We are the bearers of bad news. We are having to cut candidates loose in the middle of the crisis. We are a shoulder to cry on for people we can’t help. We are seeing businesses we have supported for years suffer through existential crises. We are seeing stalwarts in our own industry lay off staff just a few weeks into the shutdown. It takes a toll.
It’s hard to talk about. It’s hard to even find someone to talk to about it. In happier times, the social safety net of a tight-knit team is there to catch us when business gets slow. We talk it through, make a plan, and figure out the way forward. There are few challenges a good team, a trusted professional network, and a bottle of wine can’t help us solve.
It feels different now. Some people feel like they’ve let down the recruiters that count on them to generate good-quality business to work on. Recruiters wonder if there isn’t something they could have done to close this pipeline faster. Managers are having to pick and choose who stays and who goes. Some wonder if their business will survive.
But who can they tell? It’s hard to tell your spouse that you’re not sure you’ll still be in a job six weeks from now. It’s hard to tell candidates who are coming to you at professional rock-bottom that you have nothing. How do you tell your team that you’re scared you won’t make it?
It feels different now but it isn’t. I have always been tremendously proud to work in an industry that is as competitive as it is collegial. We are social, we are connected, and we won’t let each other go out this way. In the coming weeks and months we will each face down our common challenge in our own way but I know we will help each other along the way, just like we’ve always done.

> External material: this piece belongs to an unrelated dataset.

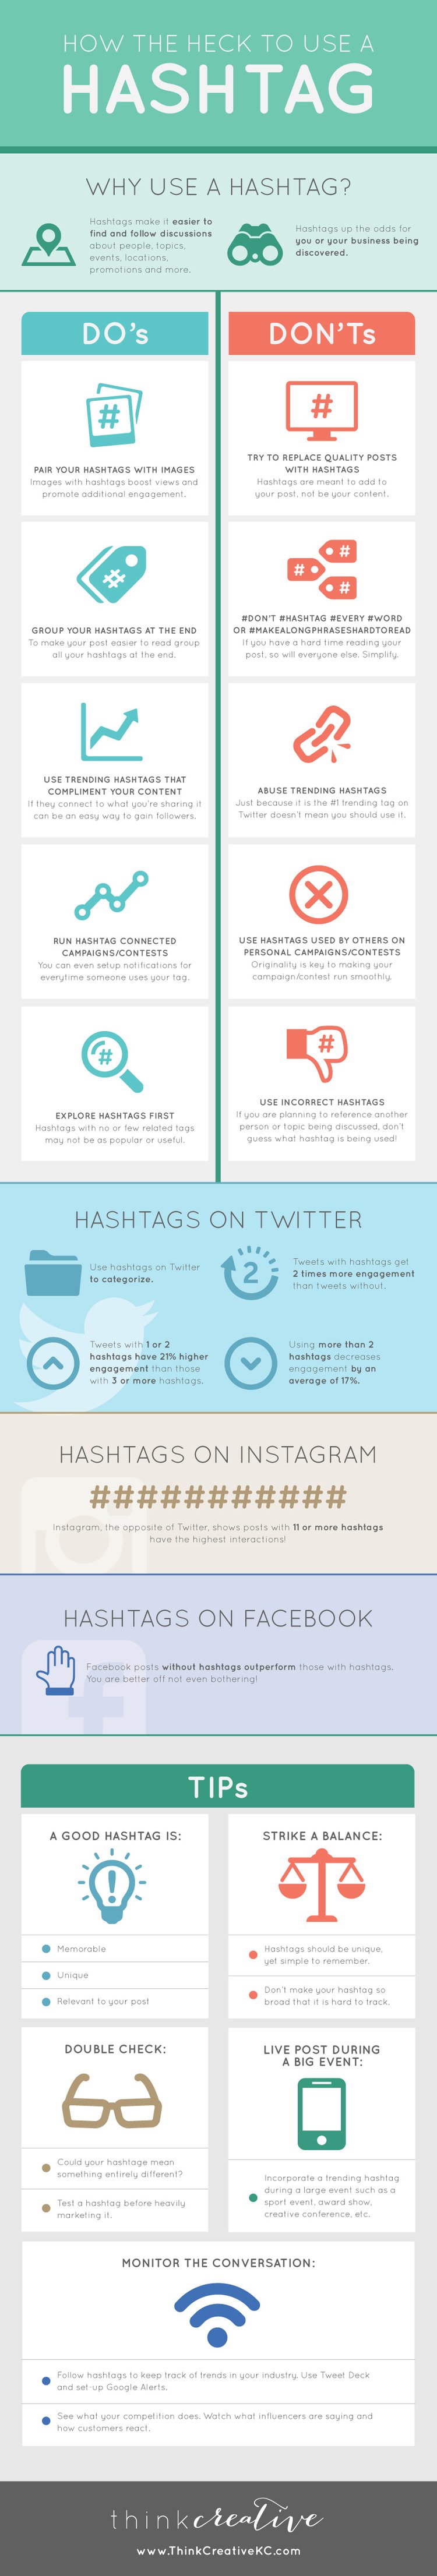 How+the+Heck+to+Use+a+Hashtag+#Infographic++-++Think+Creative

We’ll just have that glass of wine over a video chat instead and maybe we’ll worry a little less about being seen chatting on LinkedIn with someone from another firm. We’ll pick up the phone and call old colleagues and contacts and wonder if they’d even take our call. They will. They’ll let us take a load off and, for a moment, put down baggage from an industry they might have left years ago. They’ll do it because we’re in this together: every single one of us.
So, it’s week three of the lockdown and I don’t know what else to do for my candidate. I think I’ll phone a friend.